Secondly, it highlights the abilities of ERC-721 tokens. ERC-721 tokens are non-fungible. This means that each token is different, uniquely identifiable, and equipped with different values and attributes. In the case of CryptoKitties, each cat is 'born' with a different appearance. You can also breed different types of cats together, and the different 'genes' of each cat means you will always end up with a unique kitten at the end of the process.

CryptoKitties will probably fade into obscurity in the coming months (although that's probably what people said about Pokémon when that was first released too), but it demonstrates the ability to programme scarcity onto the blockchain, which can be directly applied to multiple real world use cases. I do not fall into the camp of "we should tokenise everything because we can!" but it is a clear use case for unique and rare collectibles. Digital baseball cards could be tied to a blockchain ID. Rare computer game items or skins. Stocks and shares. Maybe EA should tie loot boxes to blockchain and salvage its reputation amongst the online community. 

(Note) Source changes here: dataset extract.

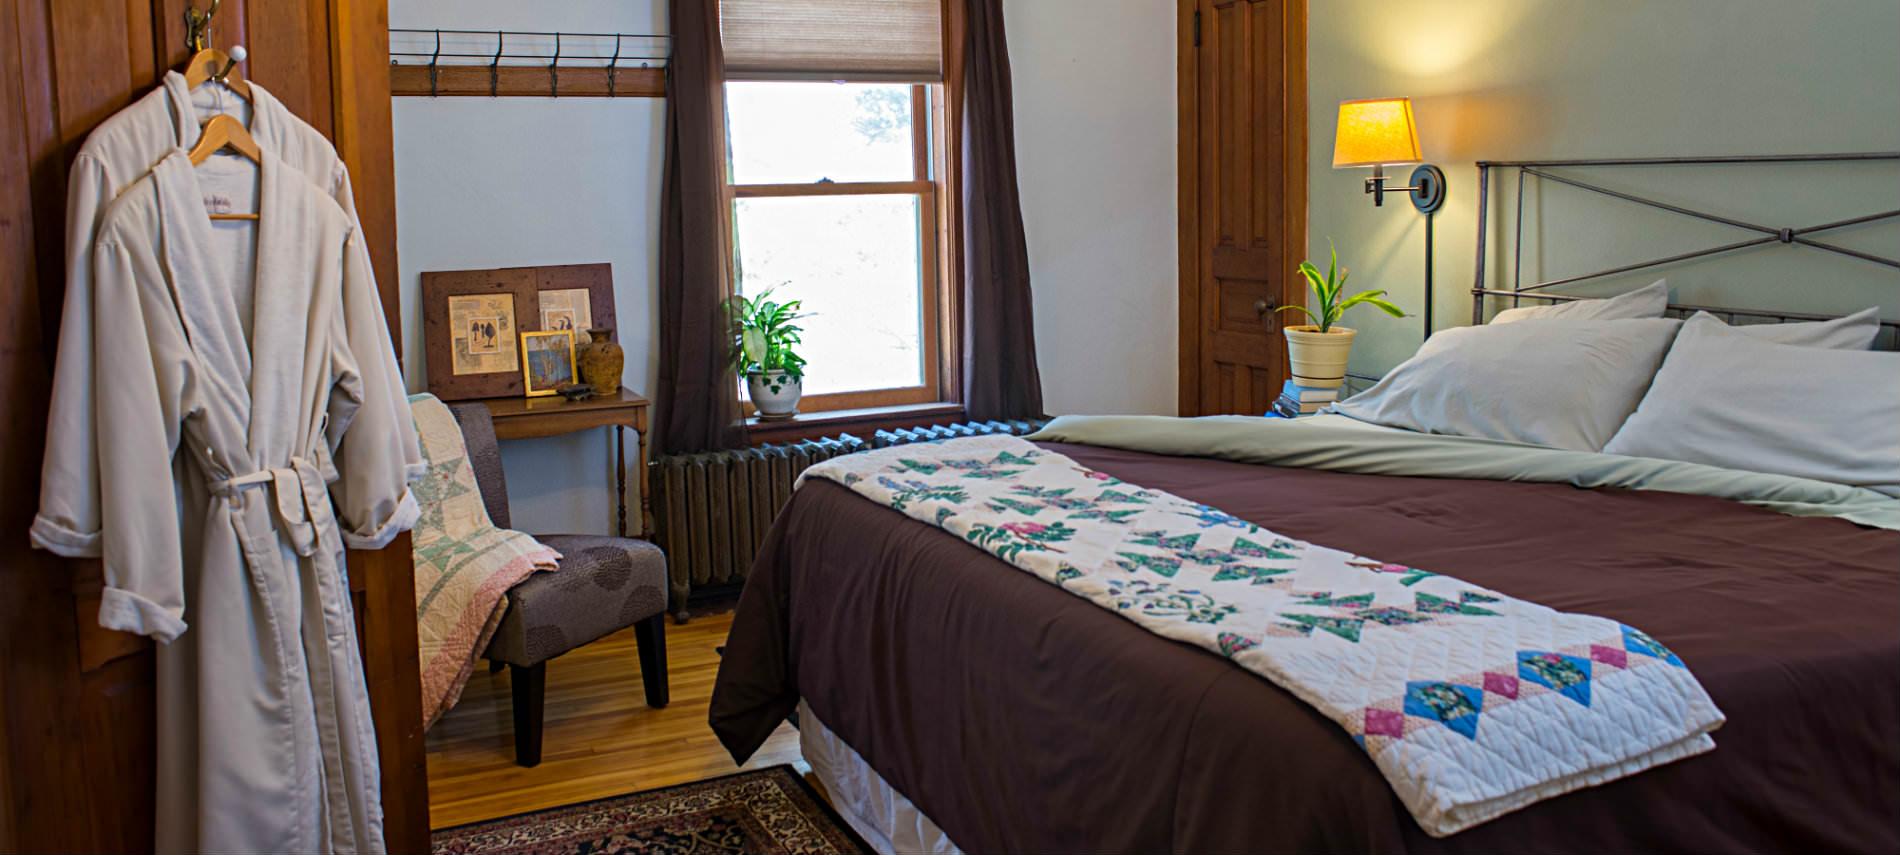 Holly Inn Pinehurst Room Rates

As usual whenever something popular hits, the Ethereum network began to creak under the pressure. I am not unduly concerned about the impact of ICO's or CryptoKitties in slowing down or clogging the network. The more network speed is an issue with cases like this, the more resources and money will be devoted to solving it. Ethereum and blockchain more widely remains in its infancy - just like the internet struggled to cope with constant increasing demand but managed to resolve the issue, so too will blockchain developers.